Three potential causes of unfair credit scoring practices to consider in your machine learning credit underwriting are:

  • Biased data
  • Algorithms within models
  • Business practices

3 Possible Sources of Unfair Scores

1. Biased Data

Data that unduly favors a particular group is biased. And using biased data for credit scoring contributes to an unfair scores.

Example: Zip codes are an example of biased data and a proxy for a protected class of attributes like race. Some US zip codes are predominantly African American based on the racial profiles of people who live there. A credit underwriter or lender may actively avoid lending to those residing in a particular zip code. This is a violation of anti-discrimination law and an example of unfair credit scoring with biased data.

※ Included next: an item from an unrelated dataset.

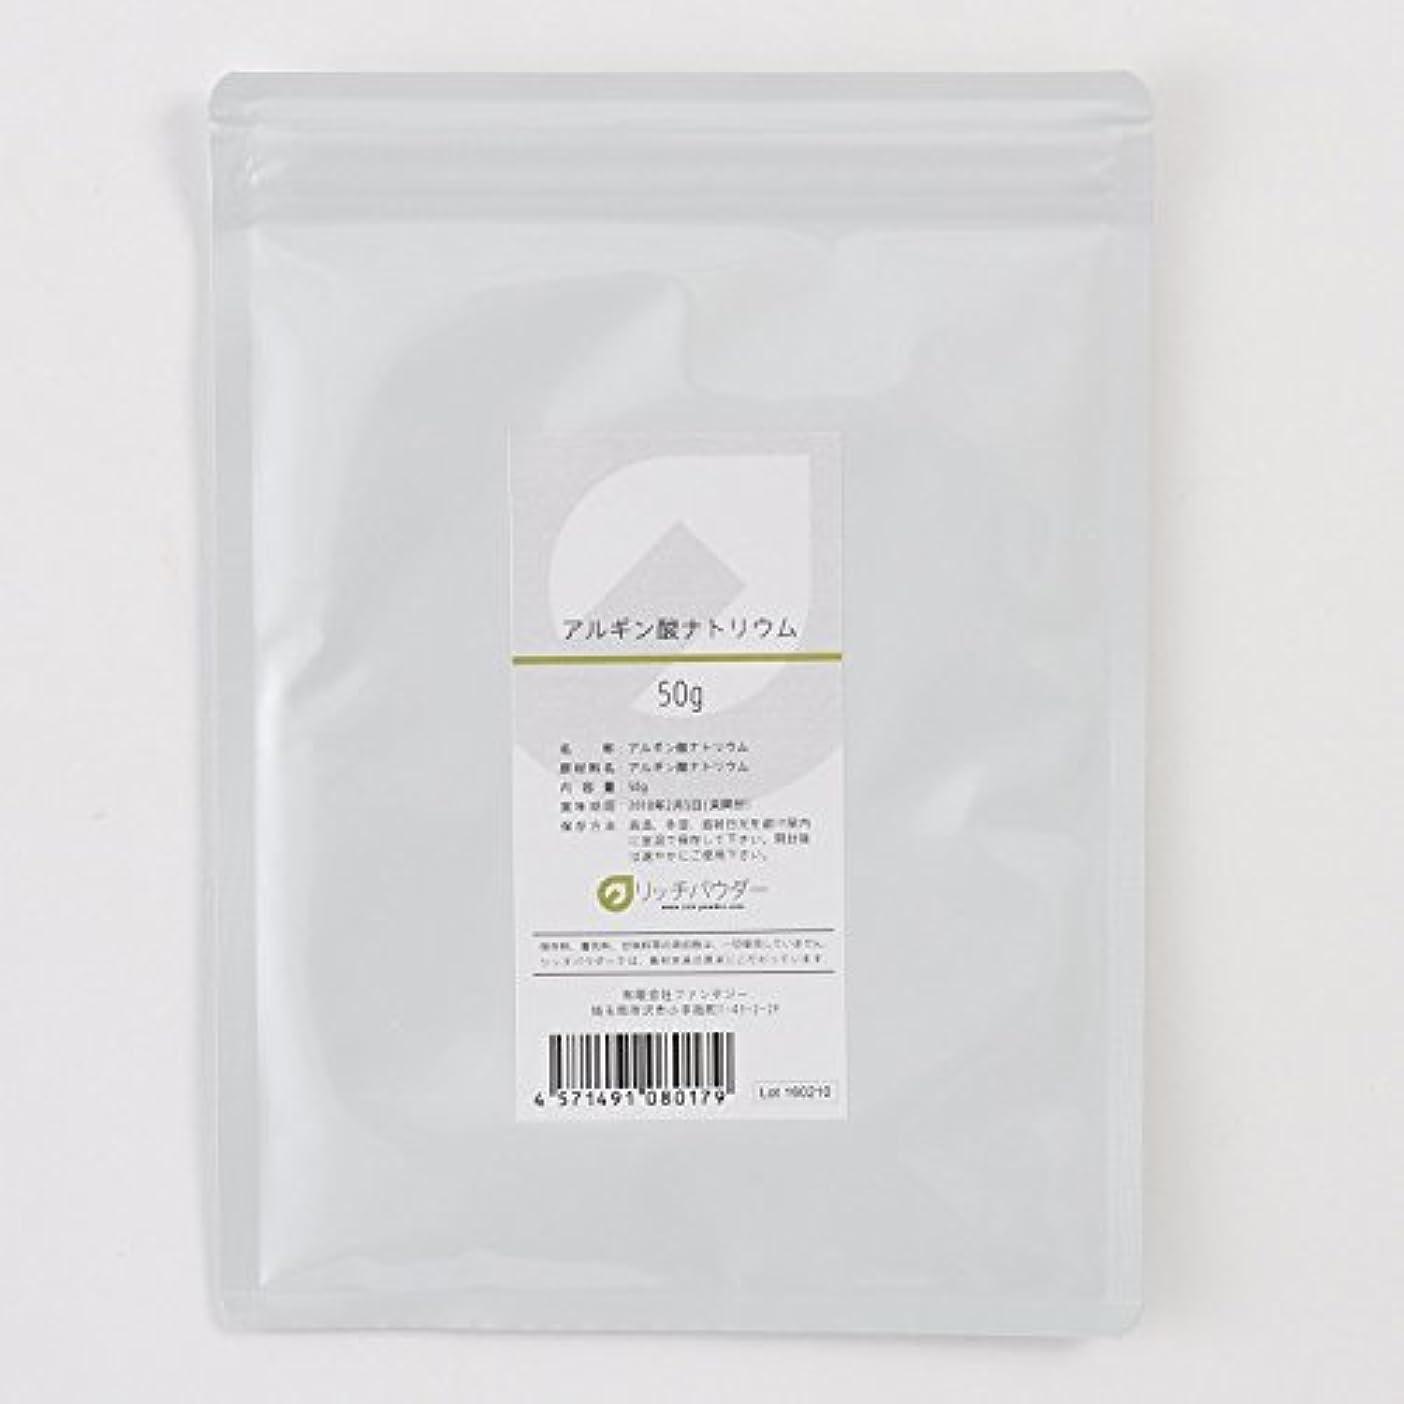 新聞バンジージャンプ制限されたアルギン酸ナトリウム50g
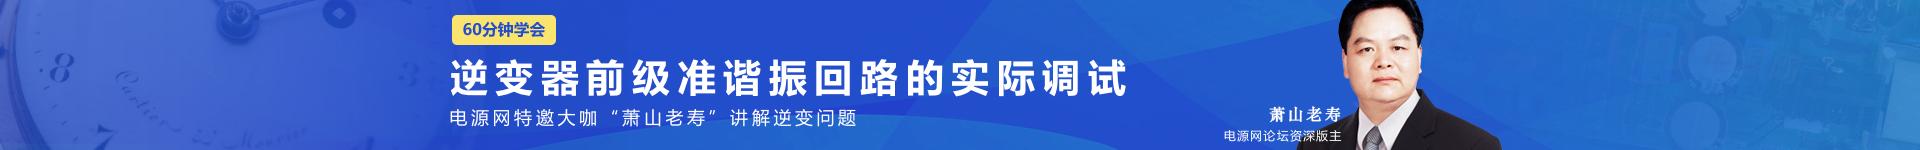 """技术直播专场-资深大咖""""萧山老寿""""话说逆变器"""

2. Algorithms within Models

Unfair credit scoring can be caused by the machine learning credit underwriting algorithm itself. The most common way that people introduce biases into the credit score algorithm model is in the selection of attributes.

Example: Credit underwriters and credit analysts may have predetermined the set of attributes they consider to be the best indicators of a borrower’s creditworthiness. This assumption of ‘best indicator’ qualification is based on past decisions, not on significantly large data sets. The credit scoring models are then built with the group of attributes subjectively selected, and based on biased or incorrect assumptions.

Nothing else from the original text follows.